From Hell to the Wild West is essentially a prototype for Bronzi and Perez’s subsequent films. Of the three, it might be the strongest flick if only because it’s the most nakedly honest. It’s an absurd exploitation/horror/western hybrid and it’s fine with that; instead of carrying pretensions of being a semi-serious-minded action film, it’s a horror movie set in a western town where a demonic 1980s slasher villain is running around abducting scantily dressed women and butchering them. The bad sound effects and action in every Perez film work better here than elsewhere because the movie almost comes off as an intentional comedy. Bronzi plays a Marshall falsely accused of committing several murders who has made it his mission to take out the killer and prove his innocence. He essentially plays the same sort of gunfighter from Once Upon a Time in Deadwood, merely facing off against a more over-the-top villain.

The movie has a lot of nonsense baked into it, including a framing device where a college student is studying the events of the film in modern times and figures out the killer’s true (and ridiculous) identity. It doesn’t make sense, and the acting in these scenes is so bad it deserves to be dissected by an episode of Mystery Science Theater 3000. Coming in at just more than an hour, though, the film does not overstay its welcome or get boring. The movie consists of a few quick moments of violence, a bit of nudity and some gunfighting before it ends abruptly. Perfect!

In addition to Cry Havoc, released earlier this month, Bronzi has three more films coming in 2020. His next, Escape from Death Block 13, is one about which I am stupidly excited.

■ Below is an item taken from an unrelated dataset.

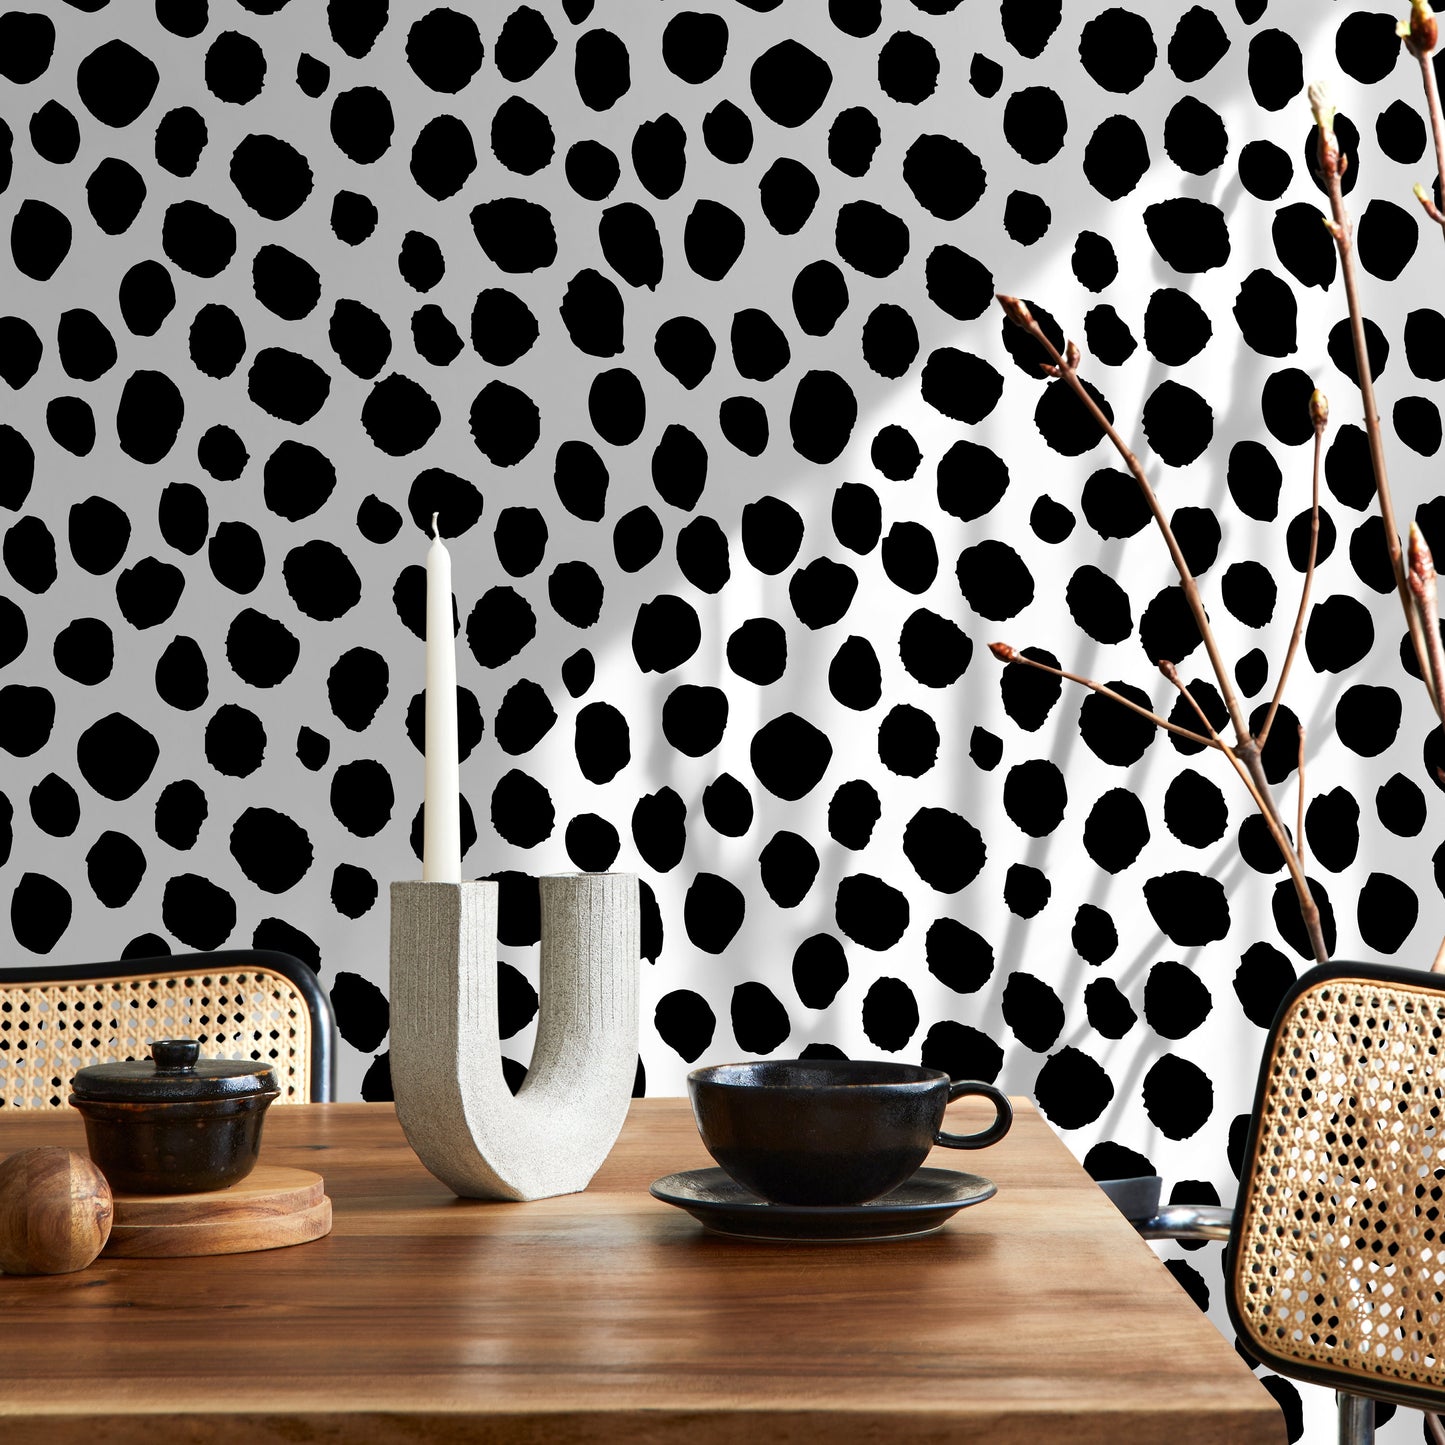 Removable Wallpaper, Temporary Wallpaper, Minimalistic Wallpaper, Peel and Stick Wallpaper, Wall Paper - A326

It has an insanely silly title, and the premise sees Bronzi fighting his way through a prison after being wrongly jailed. The trailer footage gives the sense that the production values and editing are a bit better here than in his previous efforts. There’s a good chance this will be one of Bronzi’s strongest films! His most recently completed work, The Gardener, is another I am very excited to see. Production wrapped in March, which explains why there is no trailer available. The premise is certainly enticing as the film scales back the action to a home-invasion thriller set in England. His most outlandish role to date might be in the indie-comedy Mat-Rats, where he’s set to play a wrestling instructor in a children’s sports film. Details are somewhat sparse, but it was still in development as of late last year.

Bronzi’s oeuvre definitely isn’t for everyone, but fans of Cannon Films and Charles Bronson owe it to themselves to check out Death Kiss and relive the glory days of hardcore, unironic action films of the 1980s. It’s worth it just to show Mr. Bronzi some support. He has managed to carve out a unique niche as an actor and he does it earnestly and with gratitude for the fans that he has earned along the way. I can’t think of many filmmakers who walk in the footsteps of giants and take pride in it in the way he does.